Pipeline's obligation to withdraw gas on any day is governed by
the provisions of Rate Schedule FSS-1, including but not
limited to Section 6.
ARTICLE II
TERM OF AGREEMENT
The term of this Service Agreement shall commence on
December 1, 1994 and shall continue in force and effect until
April 30, 2012 and year to year thereafter unless this Service
Agreement is terminated as hereinafter provided. This Service
Agreement may be terminated by either Pipeline or Customer upon
five (5) years prior written notice to the other specifying a
termination date of any year occurring on or after the
expiration of the primary term. Subject to Pipeline rights
under Section 22 of Pipeline's General Terms and Conditions and
without prejudice to such rights, this Service Agreement may be
terminated at any time by Pipeline in the event Customer fails to
pay part or all of the amount of any bill for service hereunder
and such failure continues for thirty (30) days after payment is
due; provided, Pipeline gives thirty (30) days prior written
notice to Customer of such termination and provided further such
termination shall not be effective if, prior to the date of
termination, Customer either pays such outstanding bill or
furnishes a good and sufficient surety bond guaranteeing payment
to Pipeline of such outstanding bill.
THE TERMINATION OF THIS SERVICE AGREEMENT WITH A FIXED CONTRACT
TERM OR THE PROVISION OF A TERMINATION NOTICE BY CUSTOMER
TRIGGERS PREGRANTED ABANDONMENT UNDER SECTION 7 OF THE NATURAL
GAS ACT AS OF THE EFFECTIVE DATE OF THE TERMINATION. PROVISION
OF A TERMINATION NOTICE BY PIPELINE ALSO TRIGGERS CUSTOMER'S
RIGHT OF FIRST REFUSAL UNDER SECTION 3.13 OF THE GENERAL TERMS
AND CONDITIONS ON THE EFFECTIVE DATE OF THE TERMINATION.
In the event there is gas in storage for Customer's account
on April 30 of the year of termination of this Service Agreement,
this Service Agreement shall continue in force and effect for the
sole purpose of withdrawal and delivery of said gas to Customer
for an additional one-hundred and twenty (120) days.
ARTICLE III
RATE SCHEDULE
This Service Agreement in all respects shall be and remain
subject to the applicable provisions of Rate Schedule FSS-1 and
of the General Terms and Conditions of Pipeline's FERC Gas Tariff
on file with the Federal Energy Regulatory Commission, all of
which are by this reference made a part hereof.
Customer shall pay Pipeline, for all services rendered
hereunder and for the availability of such service in the period
stated, the applicable prices established under Pipeline's Rate
Schedule FSS-1 as filed with the Federal Energy Regulatory
Commission and as the same may be hereafter revised or changed.
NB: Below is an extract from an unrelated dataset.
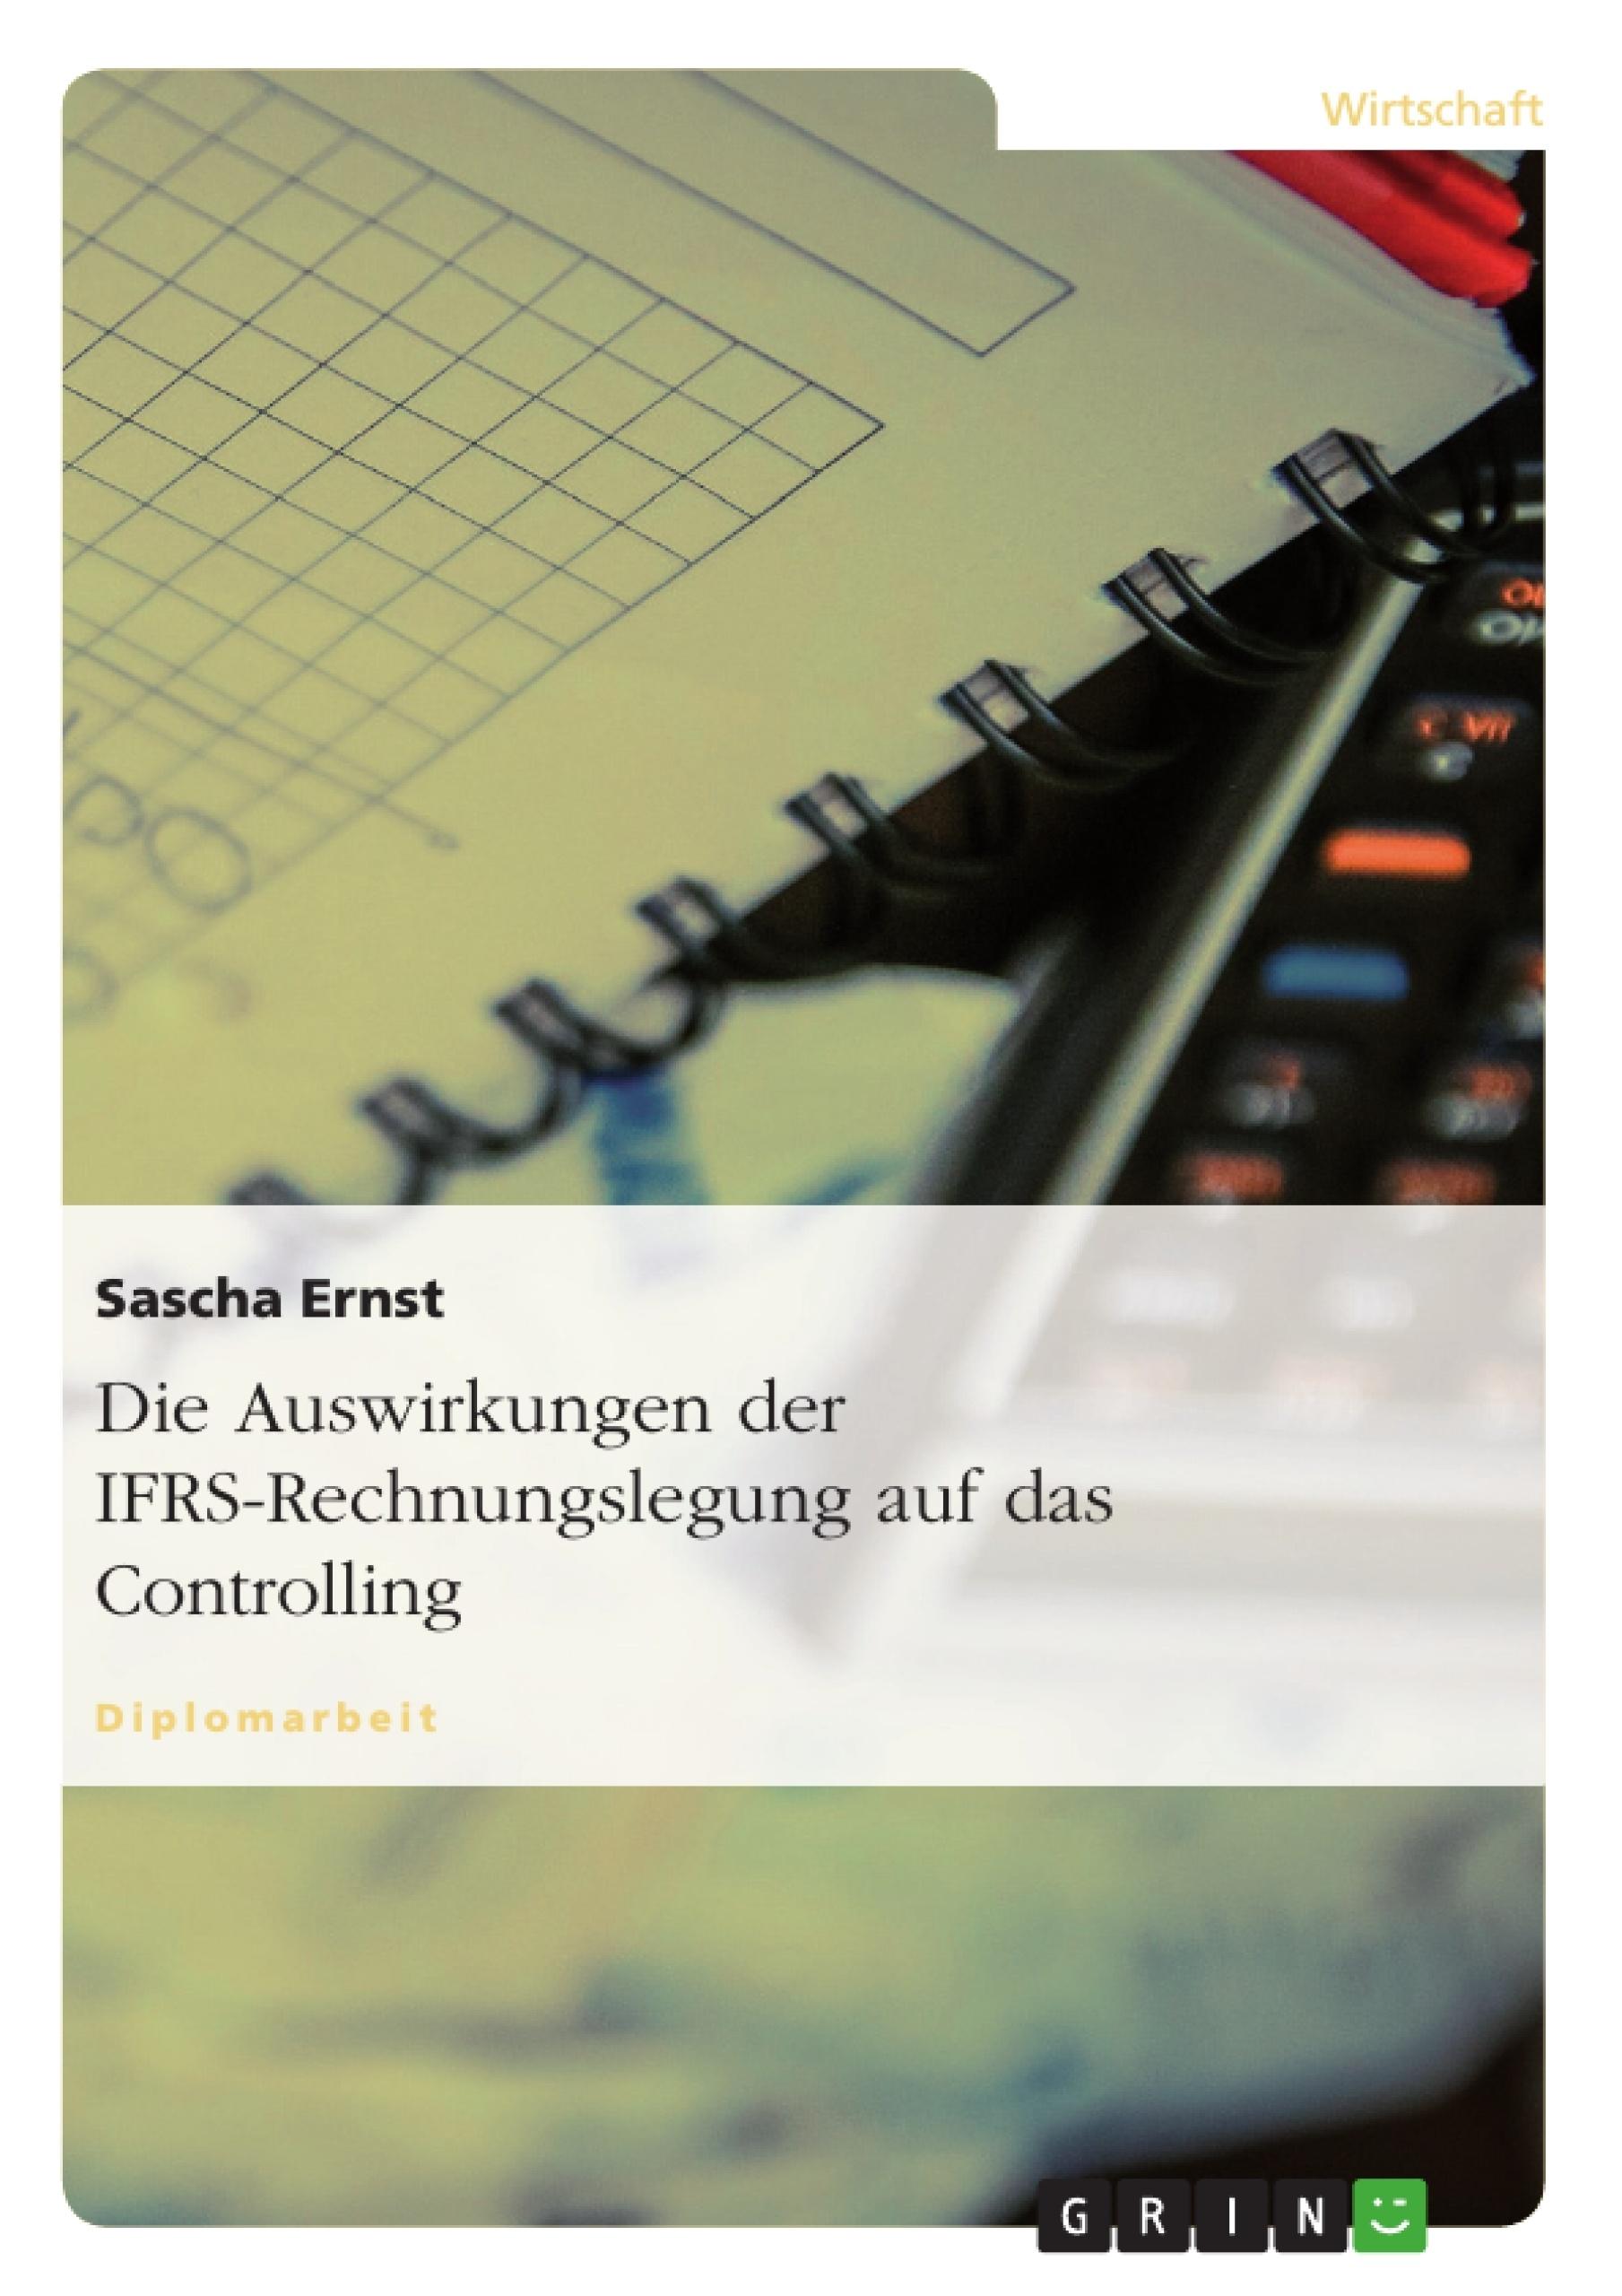 Titel: Die Auswirkungen der IFRS-Rechnungslegung auf das Controlling

Customer agrees that Pipeline shall have the unilateral
right to file with the appropriate regulatory authority and make
changes effective in (a) the rates and charges applicable to
service pursuant to Pipeline's Rate Schedule FSS-1, (b)
Pipeline's Rate Schedule FSS-1, pursuant to which service
hereunder is rendered or (c) any provision of the General Terms
and Conditions applicable to Rate Schedule FSS-1.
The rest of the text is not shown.